As Generative AI (GenAI) technologies evolve at unprecedented speed, so do the challenges of understanding their functions, limitations, and potential. This study investigates how visual metaphors act as cognitive tools that make abstract GenAI concepts more accessible by linking them to familiar visual representations, allowing us to see the unseen. Grounded in conceptual metaphor theory (Lakoff & Johnson, 1980), dual-coding theory (Paivio, 1991), and visual literacy theory (Avgerinou & Pettersson, 2020), it examines how metaphors shape perceptions and subsequently the intended use of GenAI within educational and professional contexts.

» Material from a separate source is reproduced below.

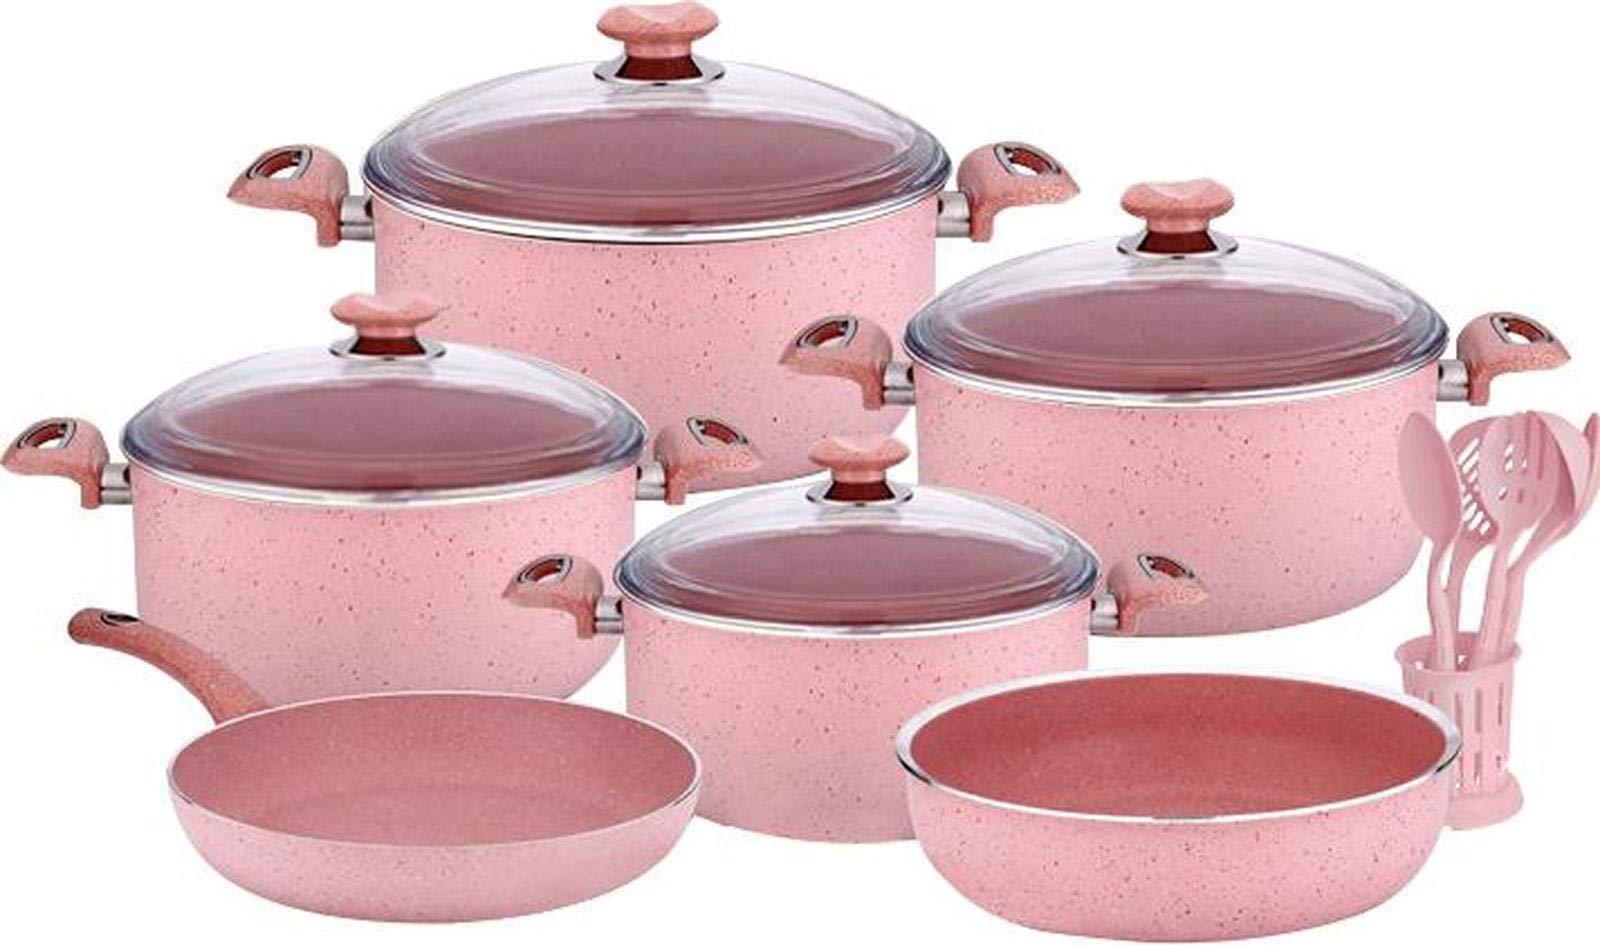 Pink Granite setts20cm x 10cmHand Split3 Pack Size Options available

Through a targeted review of recent academic literature (2021–2025), the study identifies the most prevalent metaphorical framings of GenAI and organizes them along a continuum from non-anthropomorphic to anthropomorphic representations. By mapping this spectrum, the resulting work highlights how metaphor selection influences the ways GenAI is conceptualized and discussed. The study results also informed a subsequent empirical, interdisciplinary inquiry (Karakitsou et al., 2025) that focused on examining faculty’s GenAI perceptions through visual metaphors and projective techniques.

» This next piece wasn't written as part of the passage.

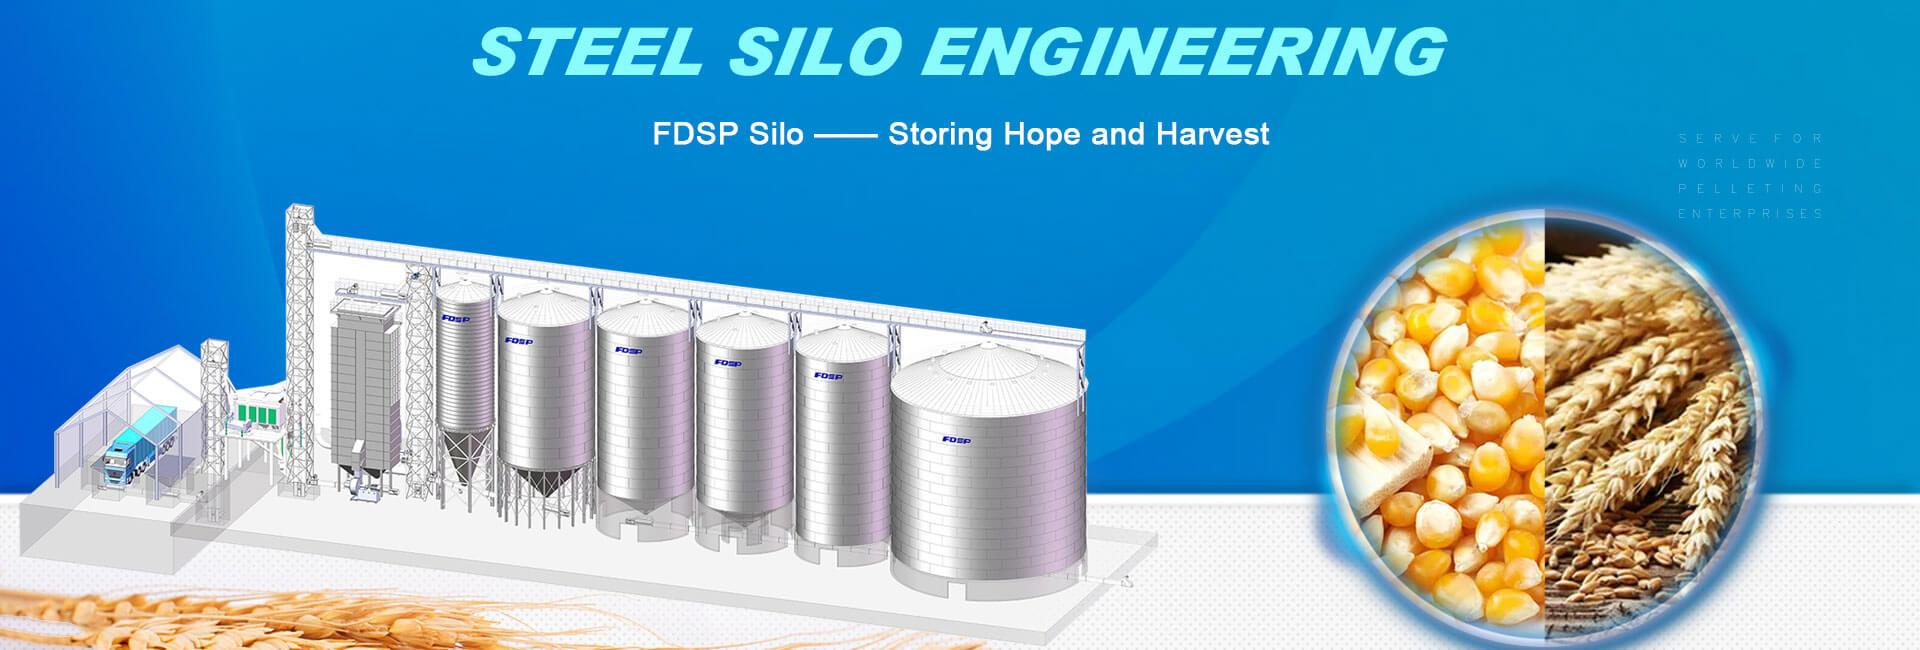 steel silo engineering

According to Avgerinou and Pettersson (2011; 2020), visual literacy encompasses visual communication, language, learning, perception, and thinking. Within this framework, visual metaphors function as pivotal mediators that translate abstract concepts into tangible imagery, thereby facilitating meaning-making, comprehension, and engagement (Avgerinou, 2011; Reese & Bendito, 2003). Informed by dual-coding theory (Paivio, 1991) and the working memory model (Baddeley & Hitch, 1974), these metaphors enhance learning through the coordinated processing of verbal and visual information. In educational contexts, the intersection of visual literacy and metaphorical reasoning enables learners to interpret and navigate complex digital environments, positioning visual literacy as a foundational dimension of GenAI literacy, defined here, following Bozkurt et al. (2024), as the integrated knowledge, skills, and critical understanding required to engage with GenAI technologies effectively, ethically, and responsibly.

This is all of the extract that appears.